Snakepit automatically tracks and cleans up Python processes:

- Each BEAM run gets a unique run ID stored in process registry
- On application restart, orphaned processes from previous runs are killed
- Graceful shutdown sends SIGTERM, followed by SIGKILL if needed

### Manual Cleanup

```elixir
# Force cleanup of all worker processes
Snakepit.cleanup()
```

### Script Mode

For Mix tasks and scripts, use `run_as_script/2` for automatic lifecycle management:

```elixir
Snakepit.run_as_script(fn ->
  {:ok, result} = Snakepit.execute("process_data", %{})
  IO.inspect(result)
end, exit_mode: :auto)
```

`exit_mode` controls VM exit behavior (default: `:none`); `stop_mode` controls whether
Snakepit itself stops (default: `:if_started`). For embedded usage, keep `exit_mode: :none` and set
`stop_mode: :never` to avoid stopping the host application.

Warning: `exit_mode: :halt` or `:stop` terminates the entire VM regardless of `stop_mode`.
Avoid those modes in embedded usage.

Cleanup of external workers runs whenever `cleanup_timeout` is greater than zero (default),
even if Snakepit is already started. For embedded usage where you do not own the pool,
set `cleanup_timeout: 0` to skip cleanup.

Exit mode guidance:
- `:none` (default) - return to the caller; the script runner controls VM exit.
- `:auto` - safe default for scripts that may run under `--no-halt`.
- `:stop` - request a graceful VM shutdown with the script status code.
- `:halt` - immediate VM termination; use only with explicit operator intent.

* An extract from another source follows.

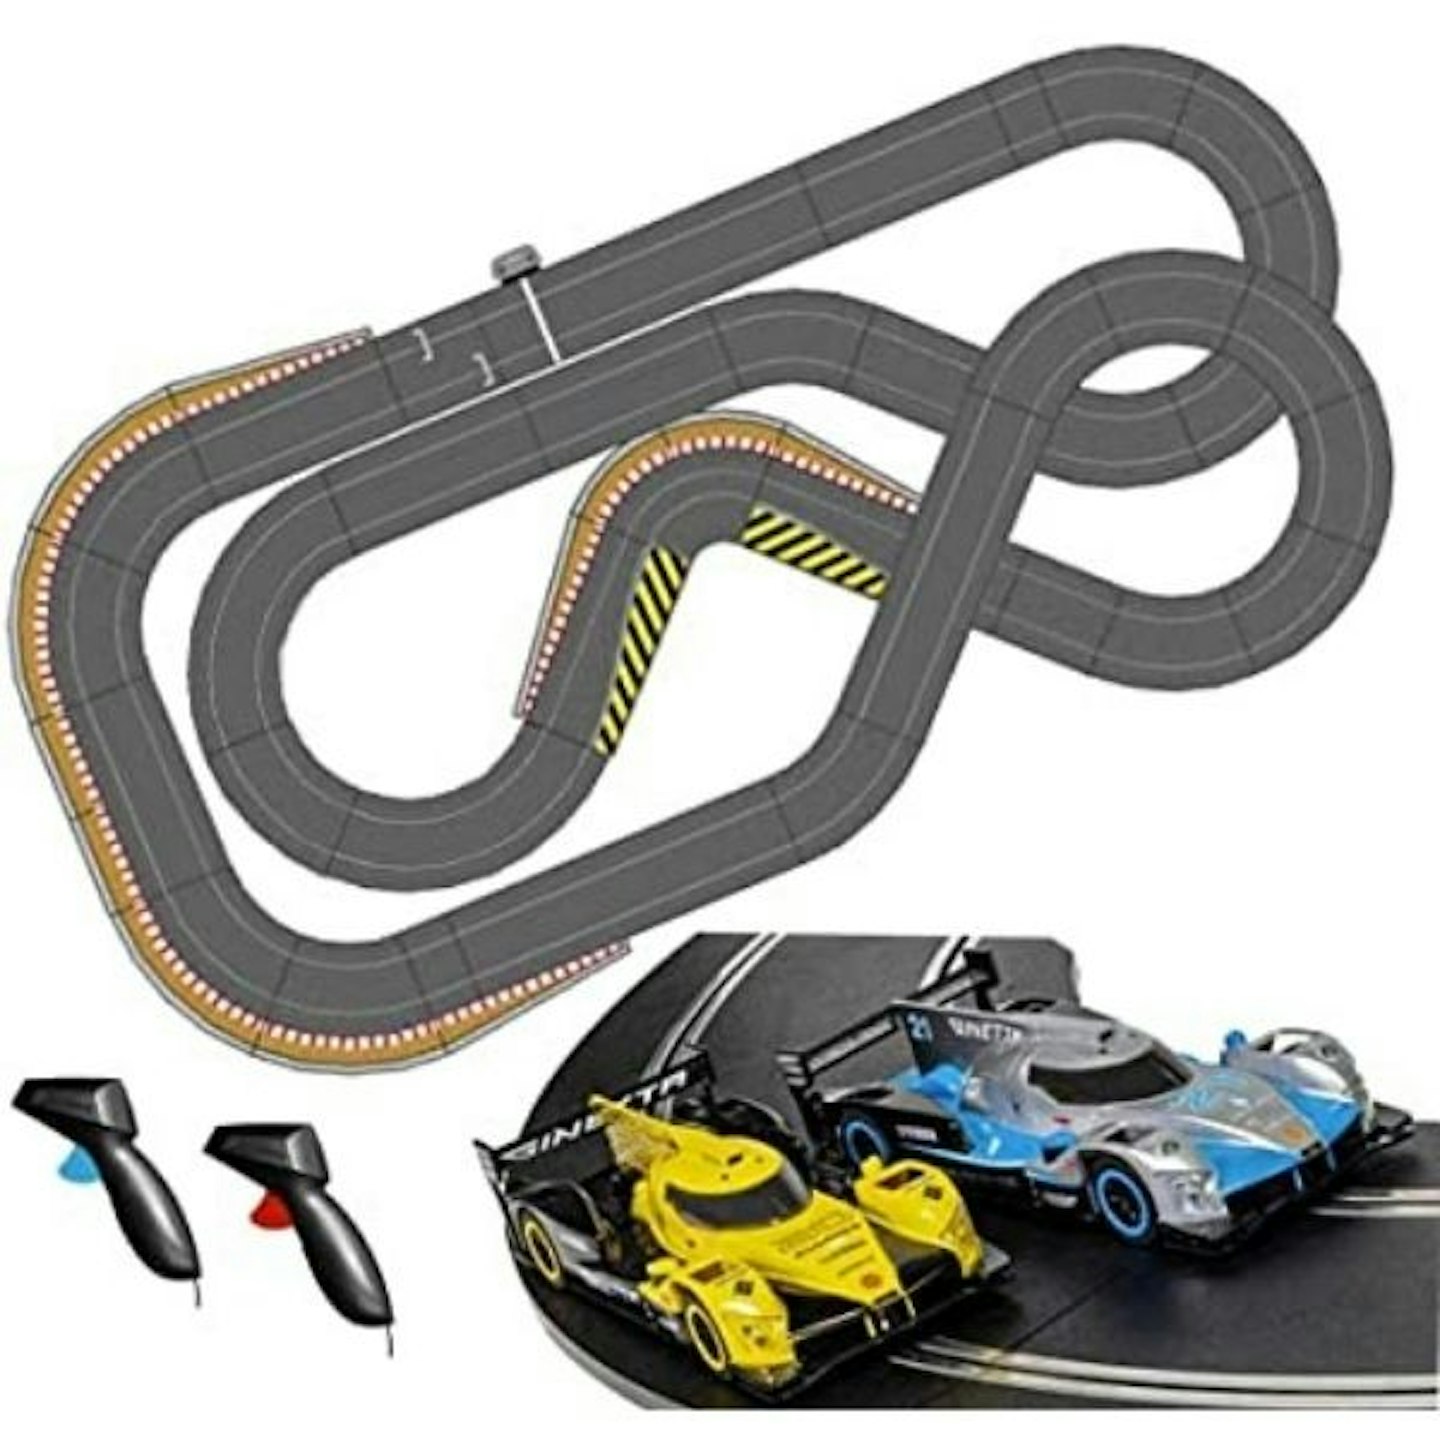 Scalextric Ginetta G60 LMP Cars Extended Layout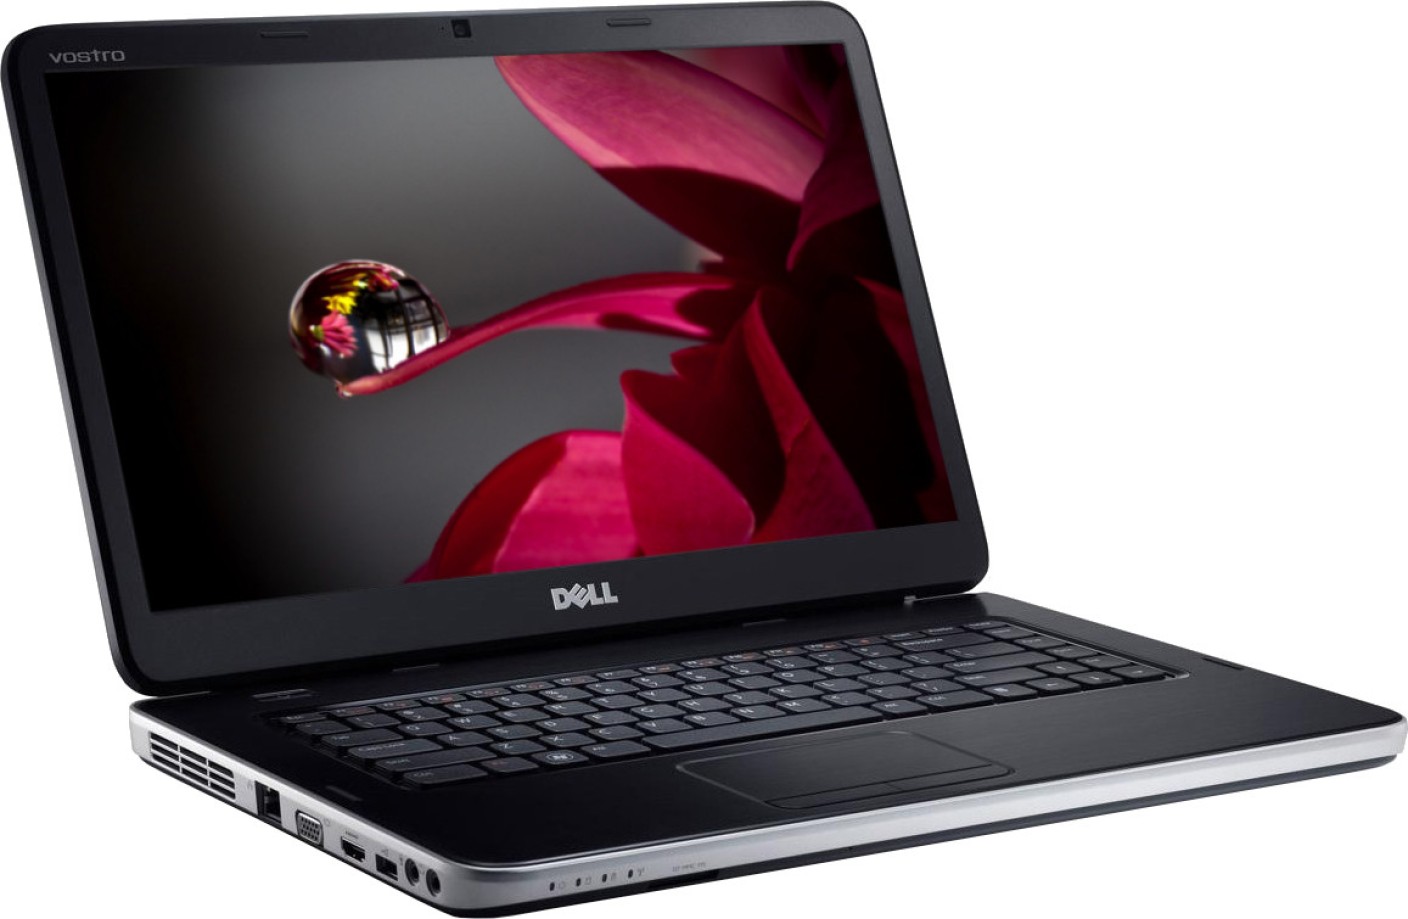 Dell Vostro 2520 Laptop (2nd Gen PDC/ 2GB/ 320GB/ Linux) Rs.30000 Price

Wrapper commands (like `timeout`, `head`, or `tee`) can close stdout/stderr early and
trigger broken pipes during shutdown. Avoid writing to stdout in exit paths, and note
that GNU `timeout` is not available by default on macOS (use `gtimeout` from coreutils
or another portable watchdog).

### Script Lifecycle Reference

For the authoritative exit precedence, status code rules, `stop_mode x exit_mode` matrix,
shutdown state machine, and telemetry contract, see
`docs/20251229/documentation-overhaul/01-core-api.md#script-lifecycle-090`.

## Mix Tasks

| Task | Description |
|------|-------------|
| `mix snakepit.setup` | Install Python dependencies and generate gRPC stubs |
| `mix snakepit.doctor` | Verify environment is correctly configured |
| `mix snakepit.status` | Show pool status and worker information |
| `mix snakepit.gen.adapter NAME` | Generate adapter scaffolding |

## Examples

The `examples/` directory contains working demonstrations:

| Example | Description |
|---------|-------------|
| `grpc_basic.exs` | Basic execute, ping, echo, add operations |
| `grpc_sessions.exs` | Session affinity and isolation |
| `grpc_streaming.exs` | Pool scaling and concurrent execution |
| `hardware_detection.exs` | Hardware detection for ML workloads |
| `crash_recovery.exs` | Circuit breaker, retry, health monitoring |
| `bidirectional_tools_demo.exs` | Cross-language tool calls |
| `telemetry_basic.exs` | Telemetry event handling |
| `threaded_profile_demo.exs` | Python 3.13+ thread profile |

Run examples:

```bash
mix run examples/grpc_basic.exs
mix run examples/hardware_detection.exs
```

## Documentation

| Guide | Description |
|-------|-------------|
| [Getting Started](guides/getting-started.md) | Installation and first steps |
| [Configuration](guides/configuration.md) | All configuration options |
| [Worker Profiles](guides/worker-profiles.md) | Process vs thread profiles |
| [Hardware Detection](guides/hardware-detection.md) | ML accelerator detection |
| [Fault Tolerance](guides/fault-tolerance.md) | Circuit breaker, retry, health |
| [Streaming](guides/streaming.md) | gRPC streaming operations |
| [Python Adapters](guides/python-adapters.md) | Writing Python adapters |
| [Observability](guides/observability.md) | Telemetry and logging |
| [Production](guides/production.md) | Deployment and troubleshooting |

## Requirements

- Elixir 1.18+
- Erlang/OTP 27+
- Python 3.9+ (3.13+ for thread profile)
- [uv](https://docs.astral.sh/uv/) - Fast Python package manager (required)
- gRPC Python packages (`grpcio`, `grpcio-tools`)

### Installing uv

```bash
# macOS/Linux
curl -LsSf https://astral.sh/uv/install.sh | sh

# Windows
powershell -ExecutionPolicy ByPass -c "irm https://astral.sh/uv/install.ps1 | iex"

# Or via Homebrew
brew install uv
```

## License

MIT License - see [LICENSE](LICENSE) for details.